Каждый раз, когда мои зубы пережевывают очередной кусок пищи, не могу не думать о будущем. Ведь когда-то все консервы, питьевая вода, животные, которых можно будет, есть закончатся. Что станет с нами тогда? Начнут ли выжившие войну за каждую крошку еды или, того хуже, мы начнем поедать себе подобных? Смогут ли раскиданные, изможденные и вынужденные выживать в новом и ни разу не добром мире люди объединиться, чтобы попытаться собрать разбитый мир? В основном мы слишком эгоистичны, чтобы идти на какие-то уступки. А ведь уступки и умелое нахождение компромисса и есть верные спутники сотрудничества, или я ошибаюсь? Не знаю. Ничего я не знаю. Прошлое, будущее — эти две величины времени отчего-то так важны нам. Хотя обе в разной степени причиняют боль: о том, что когда-то было и чего теперь нет; о том, чего еще нет, но так хочется чтобы уже было. Наверное, люди мазохисты по природе.
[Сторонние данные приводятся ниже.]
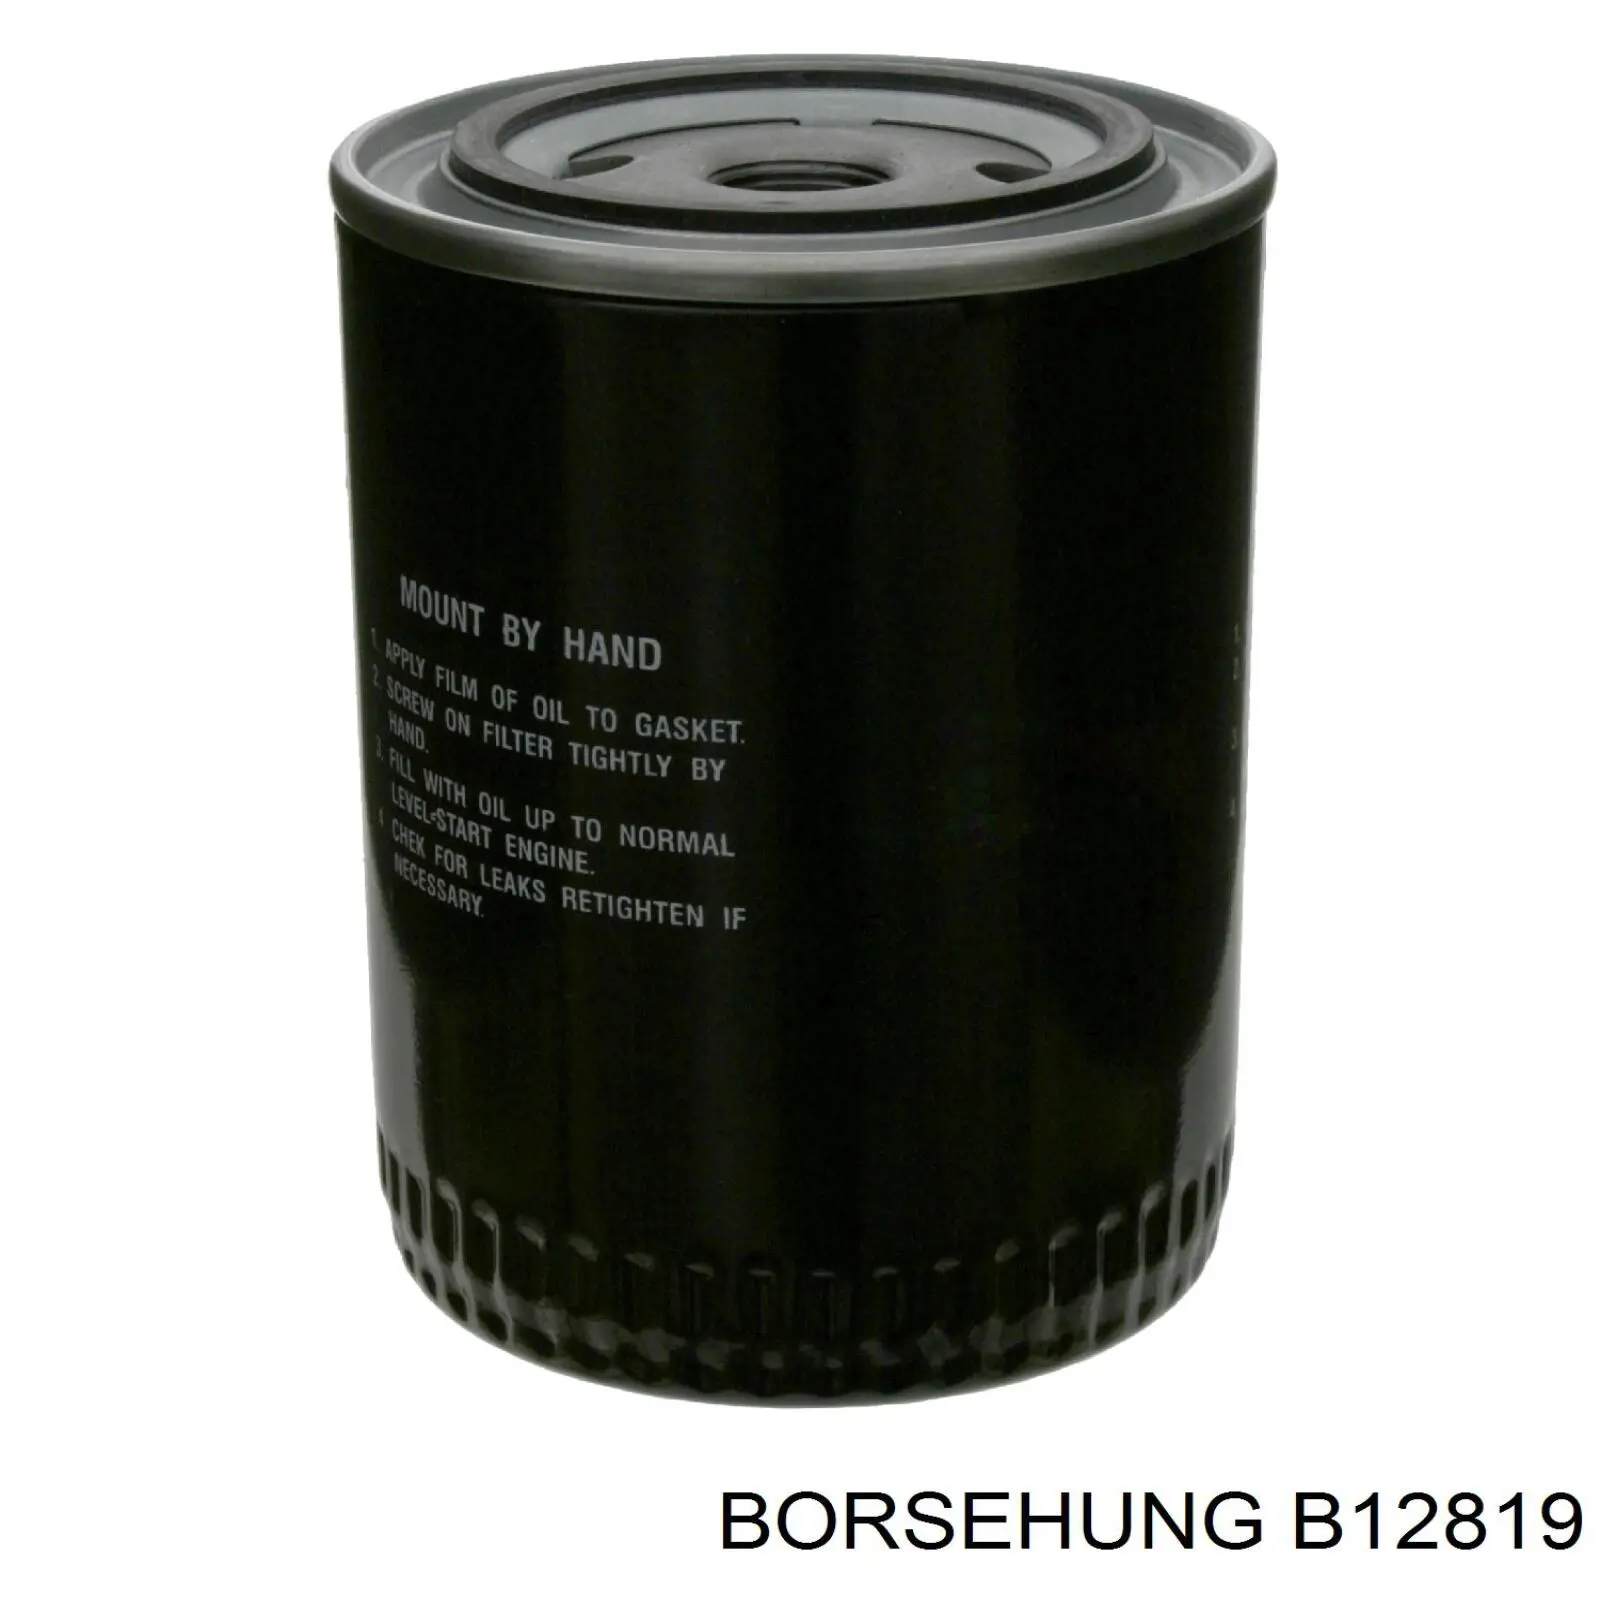 B12819 Borsehung filtro de aceite

Вчера, когда я осталась одна на кухне, домывать посуду, то неожиданно услышала какой-то непонятный звук, что-то вроде далекого воя. И он не был похож на бесчувственный и вибрирующий вой Тварей. Он был, протяжным и… не знаю. Было в нем что-то, что заставило мое сердце пропустить удар.

Час назад он снова ушел. Не знаю куда. Когда я вышла из комнаты, то поняла, что в доме никого кроме меня опять нет.

Запись 29

(текст обрывается… страница порвана. Следующие три страницы очень неаккуратно вырваны.)

Запись 30

(текст размыт. Едва читается пара предложений)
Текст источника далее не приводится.